Activation of cAMP-dependent protein kinase is required for optimal α-melanocyte-stimulating hormone-induced pigmentation

The cAMP-dependent pathway has been long presumed to play a critical role in mediating alpha-melanocyte-stimulating hormone (alpha-MSH)-induced pigmentation, but it has never been demonstrated that this pathway is obligatory. In order to determine whether the cAMP-dependent pathway is required for a alpha-MSH-induced pigmentation, we inhibited the activity of cAMP-dependent protein kinase (PKA), the main kinase mediating in this pathway, by introducing a physiologic cAMP-dependent protein kinase inhibitor (PKI) into S91 murine melanoma cells and then measuring pigment response after alpha-MSH stimulation. Cells were stably transfected either with the pMXX-PKI expression vector that encodes the active part of PKI (the amino terminal 1-31 amino acids) under a metallothionein-inducible promoter and the pSV(2)-Neo expression vector alone. As expected, treatment of transfected cells with 1 mu M CdCl2, for 24 h induced the expression of PKI mRNA in cells transfected with both vectors, but not in cells transfected with the pSV(2)-Neo expression vector alone.

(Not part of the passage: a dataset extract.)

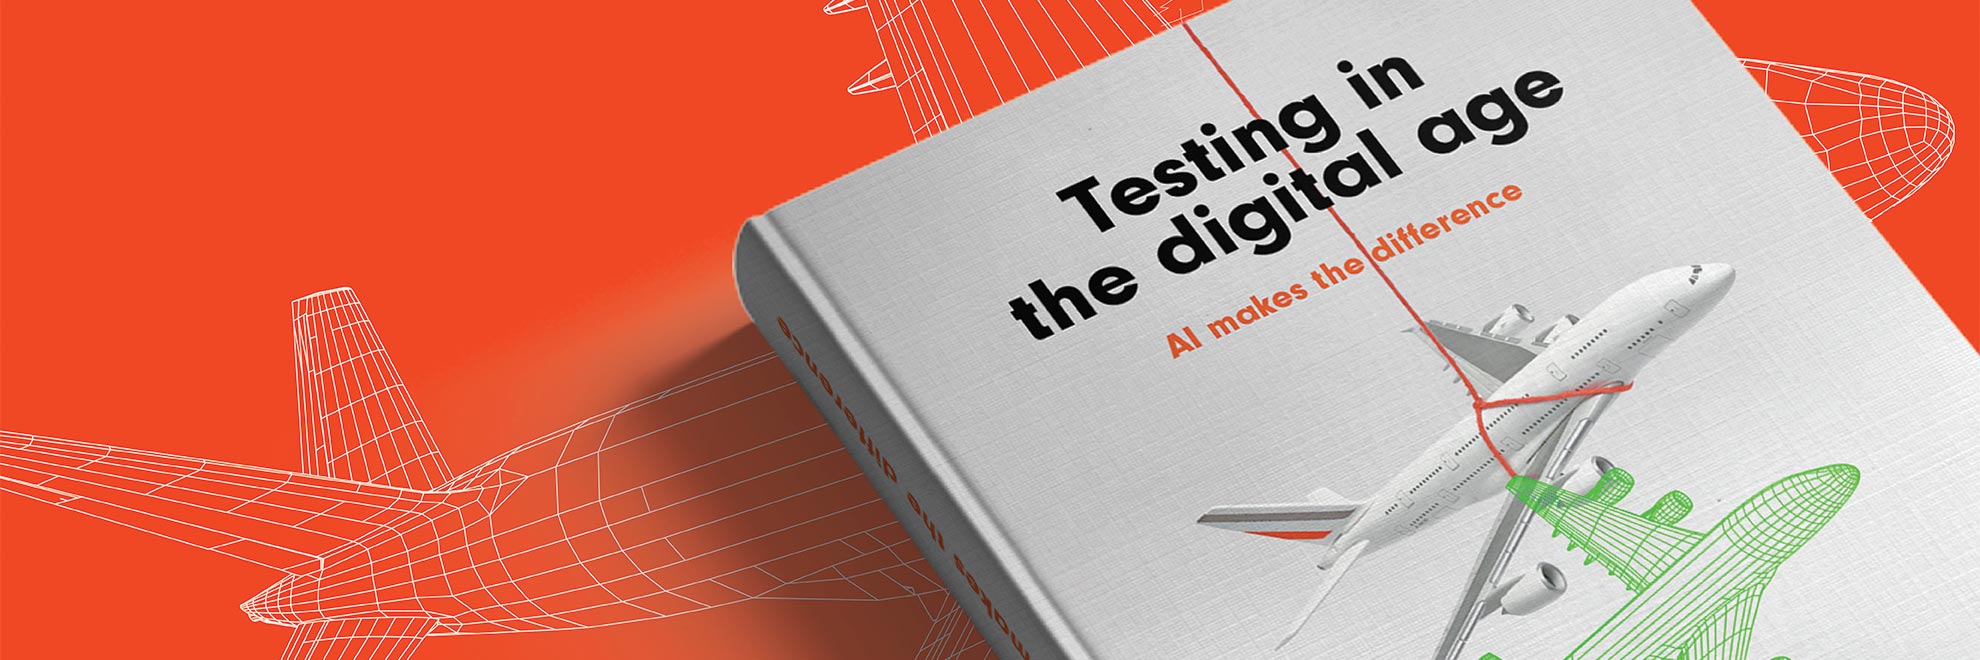 Testing in the Digital Age - AI makes a difference

Subsequent treatment of these transfected cells with LU-MSH for 5-6 days in the continual presence of 1 mu M CdCl2 resulted in inhibition of PKA activity by 30-40% in cells expressing PKI, Parallel measurements revealed that alpha-MSH-increased melanin content five- to six-fold in control cells transfected with pSV(2)-Neo alone, while there was only a two-fold increase in PKI-expressing cells, a 40-50% inhibition in alpha-MSH-induced total melanin content. alpha-MSH-induced tyrosinase activity and tyrosinase mRNA and protein levels measured in parallel were also inhibited by 40-50% in PKI-expressing cells compared to control cells transfected with pSV(2)-Neo alone, Together, these results demonstrate for the first time that activation of PKA through the cAMP-dependent pathway is required for optimal alpha-MSH-induced pigmentation. (C) 1998 Academic Press.